Unless you live under a rock or — what’s more likely — don’t follow fútbol mexicano, Mexican soccer fans for years have popularized a simple chant to address goalies. It goes like this: “Ehhhhhhhh, puto!”. 

Puto, in a nutshell, can be translated as “fag” and it’s used because in Spanish, to score a goal is to “put [the ball] in” as in meterla (PUT IT IN), get it?

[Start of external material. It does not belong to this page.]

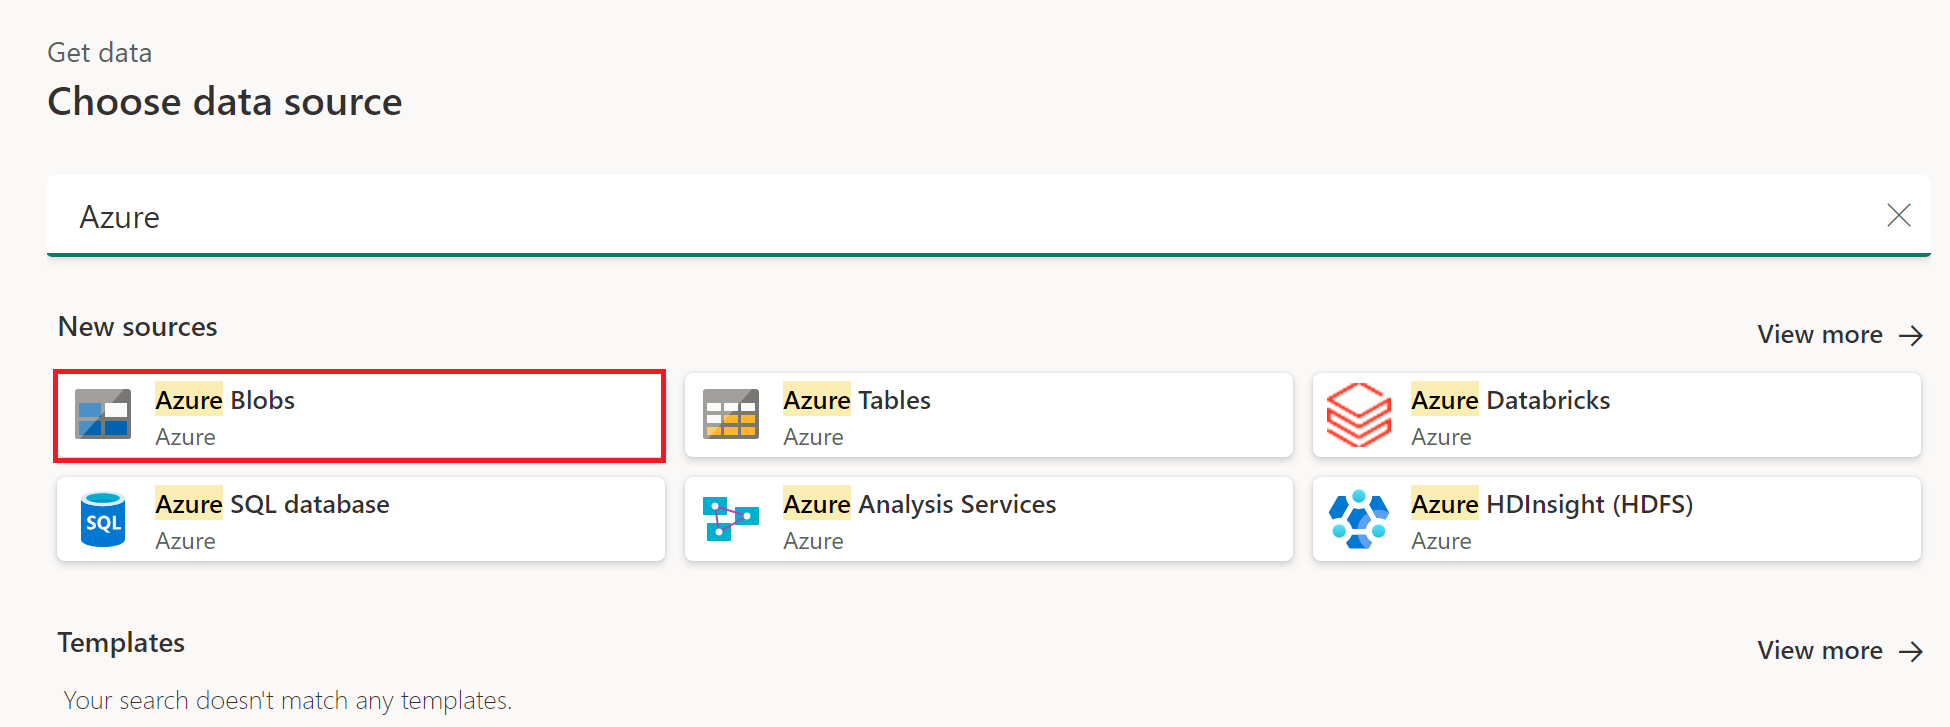 Screenshot of the Choose data source page, with the Azure category selected, and Azure Blobs emphasized.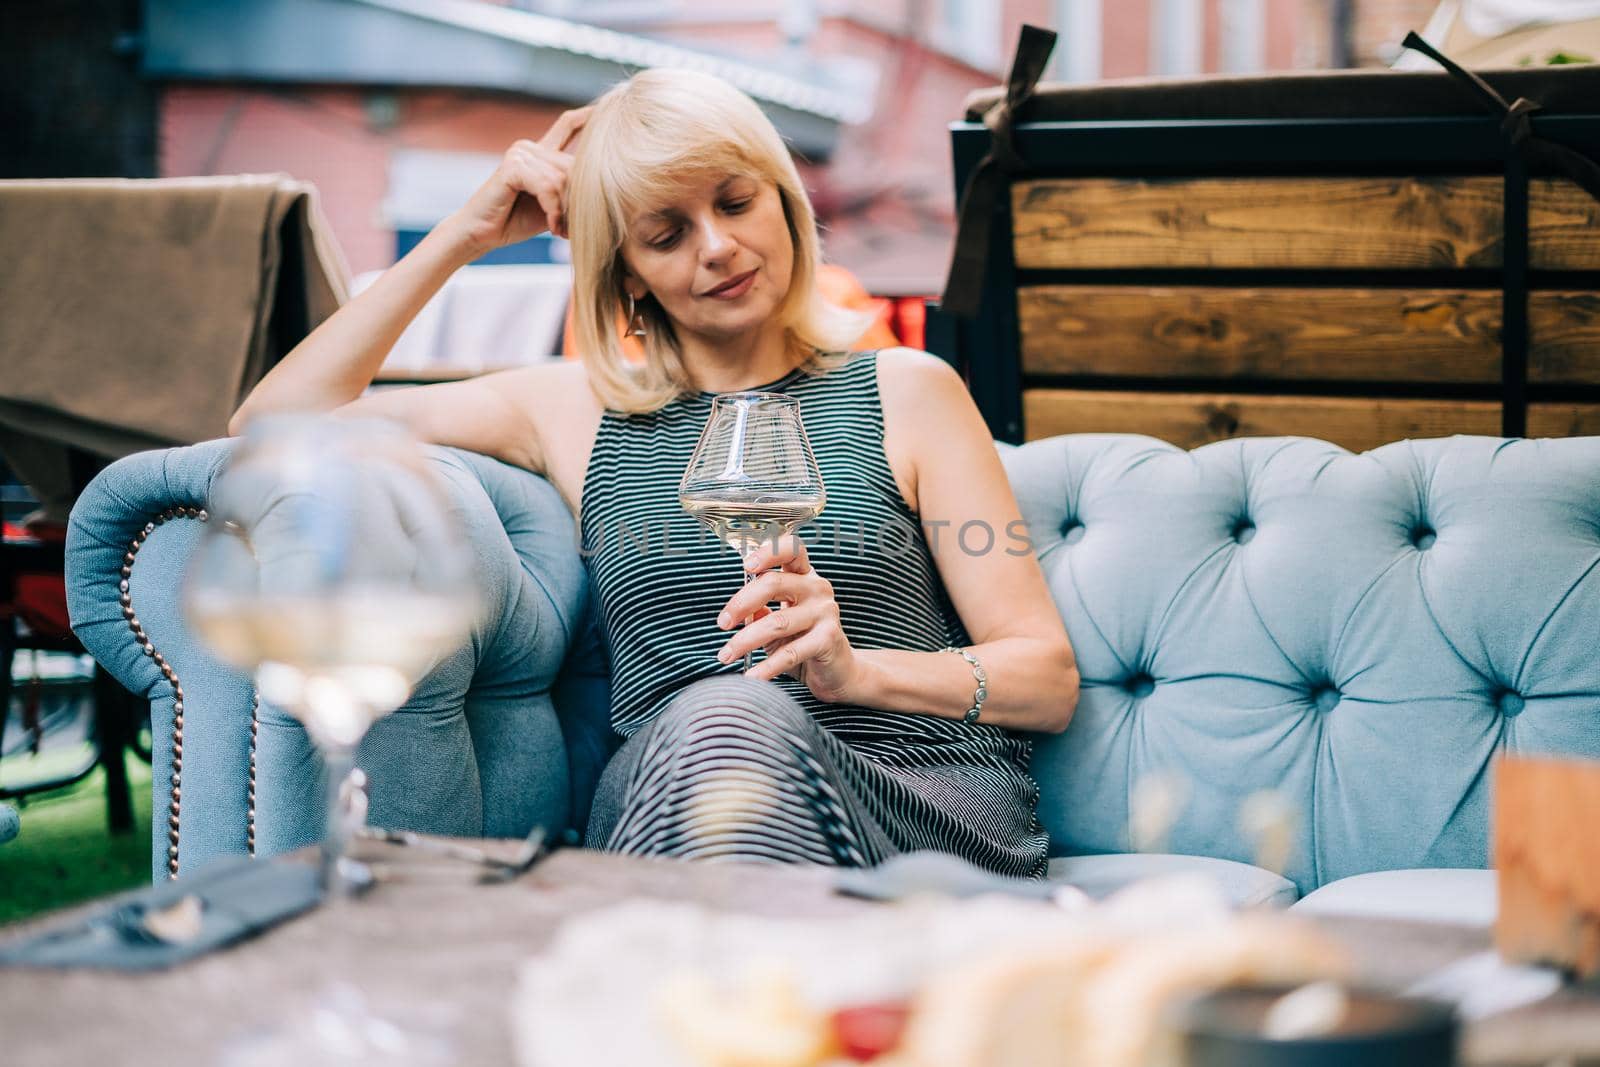 Mature adult woman sitting in bar outdoors with wine glasses and blurry restaurant background scene, drinking white wine and eating cheese. Summer sunny day on patio outdoors.

Put “it” in.

Heck, even kids do it!

Per a 2014 story on

[The phrase] was first used by rowdy fans during soccer games in Guadalajara in 2004 —including an Olympics qualifying match against the US, Mexico’s bitter soccer rival, and from there it spread throughout Mexico’s professional soccer league.

It is true that the phrase came across as particularly insensitive Monday night, during a Copa America match between Mexico and Venezuela.

As a writer from The Guardian pointed out this week, the chant’s effect “was all the more jarring after a minute’s silence had been held in the stadium for the victims of the [Orlando] tragedy.”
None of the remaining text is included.